HDFS Block Skew

For best performance of Impala parallel queries, the work is divided equally across hosts in the cluster, and all hosts take approximately equal time to finish their work. If one host takes substantially longer than others, the extra time needed for the slow host can become the dominant factor in query performance. Therefore, one of the first steps in performance tuning for Impala is to detect and correct such conditions.

The main cause of uneven performance that you can correct within Impala is skew in the number of HDFS data blocks processed by each host, where some hosts process substantially more data blocks than others. This condition can occur because of uneven distribution of the data values themselves, for example causing certain data files or partitions to be large while others are very small. (Although it is possible to have unevenly distributed data without any problems with the distribution of HDFS blocks.) Block skew could also be due to the underlying block allocation policies within HDFS, the replication factor of the data files, and the way that Impala chooses the host to process each data block.

The most convenient way to detect block skew, or slow-host issues in general, is to examine the executive summary information from the query profile after running a query:

In impala-shell, issue the SUMMARY command immediately after the query is complete, to see just the summary information. If you detect issues involving skew, you might switch to issuing the PROFILE command, which displays the summary information followed by a detailed performance analysis.
In the Cloudera Manager interface or the Impala debug web UI, click on the Profile link associated with the query after it is complete. The executive summary information is displayed early in the profile output.

For each phase of the query, you see an Avg Time and a Max Time value, along with #Hosts indicating how many hosts are involved in that query phase. For all the phases with #Hosts greater than one, look for cases where the maximum time is substantially greater than the average time. Focus on the phases that took the longest, for example, those taking multiple seconds rather than milliseconds or microseconds.

If you detect that some hosts take longer than others, first rule out non-Impala causes. One reason that some hosts could be slower than others is if those hosts have less capacity than the others, or if they are substantially busier due to unevenly distributed non-Impala workloads:

For clusters running Impala, keep the relative capacities of all hosts roughly equal. Any cost savings from including some underpowered hosts in the cluster will likely be outweighed by poor or uneven performance, and the time spent diagnosing performance issues.
If non-Impala workloads cause slowdowns on some hosts but not others, use the appropriate load-balancing techniques for the non-Impala components to smooth out the load across the cluster.

If the hosts on your cluster are evenly powered and evenly loaded, examine the detailed profile output to determine which host is taking longer than others for the query phase in question.
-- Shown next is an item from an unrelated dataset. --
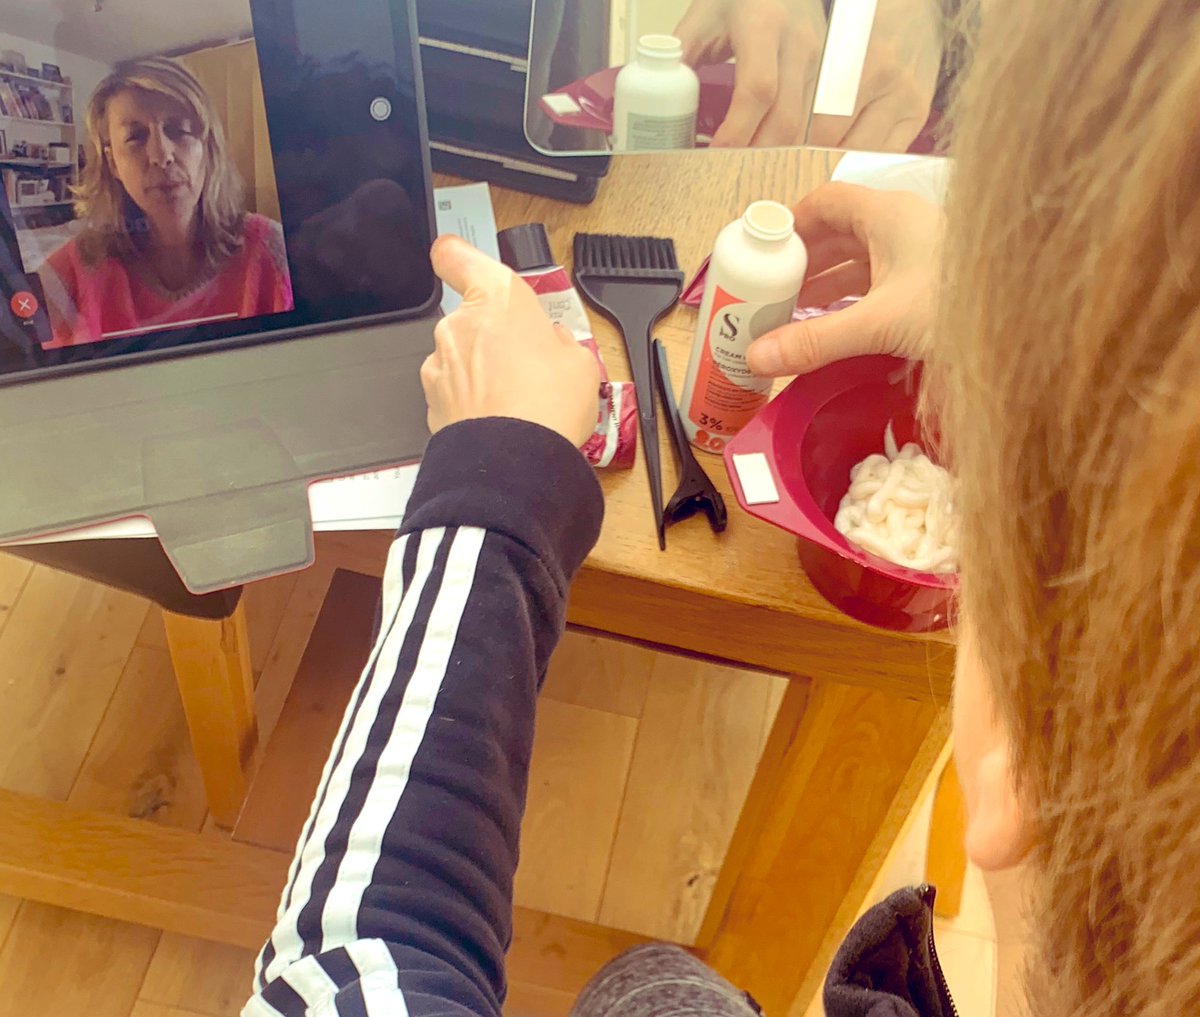 And lo, I’ve been stood down in favour of a video call with trusted hair stylist Julie McGuire

Examine how many bytes are processed during that phase on that host, how much memory is used, and how many bytes are transmitted across the network.

The most common symptom is a higher number of bytes read on one host than others, due to one host being requested to process a higher number of HDFS data blocks. This condition is more likely to occur when the number of blocks accessed by the query is relatively small. For example, if you have a 10-node cluster and the query processes 10 HDFS blocks, each node might not process exactly one block. If one node sits idle while another node processes two blocks, the query could take twice as long as if the data was perfectly distributed.

Possible solutions in this case include:

If the query is artificially small, perhaps for benchmarking purposes, scale it up to process a larger data set. For example, if some nodes read 10 HDFS data blocks while others read 11, the overall effect of the uneven distribution is much lower than when some nodes did twice as much work as others. As a guideline, aim for a sweet spot where each node reads 2 GB or more from HDFS per query. Queries that process lower volumes than that could experience inconsistent performance that smooths out as queries become more data-intensive.
If the query processes only a few large blocks, so that many nodes sit idle and cannot help to parallelize the query, consider reducing the overall block size. For example, you might adjust the PARQUET_FILE_SIZE query option before copying or converting data into a Parquet table. Or you might adjust the granularity of data files produced earlier in the ETL pipeline by non-Impala components. In Impala 2.0 and later, the default Parquet block size is 256 MB, reduced from 1 GB, to improve parallelism for common cluster sizes and data volumes.
Reduce the amount of compression applied to the data. For text data files, the highest degree of compression (gzip) produces unsplittable files that are more difficult for Impala to process in parallel, and require extra memory during processing to hold the compressed and uncompressed data simultaneously. For binary formats such as Parquet and Avro, compression can result in fewer data blocks overall, but remember that when queries process relatively few blocks, there is less opportunity for parallel execution and many nodes in the cluster might sit idle. Note that when Impala writes Parquet data with the query option COMPRESSION_CODEC=NONE enabled, the data is still typically compact due to the encoding schemes used by Parquet, independent of the final compression step.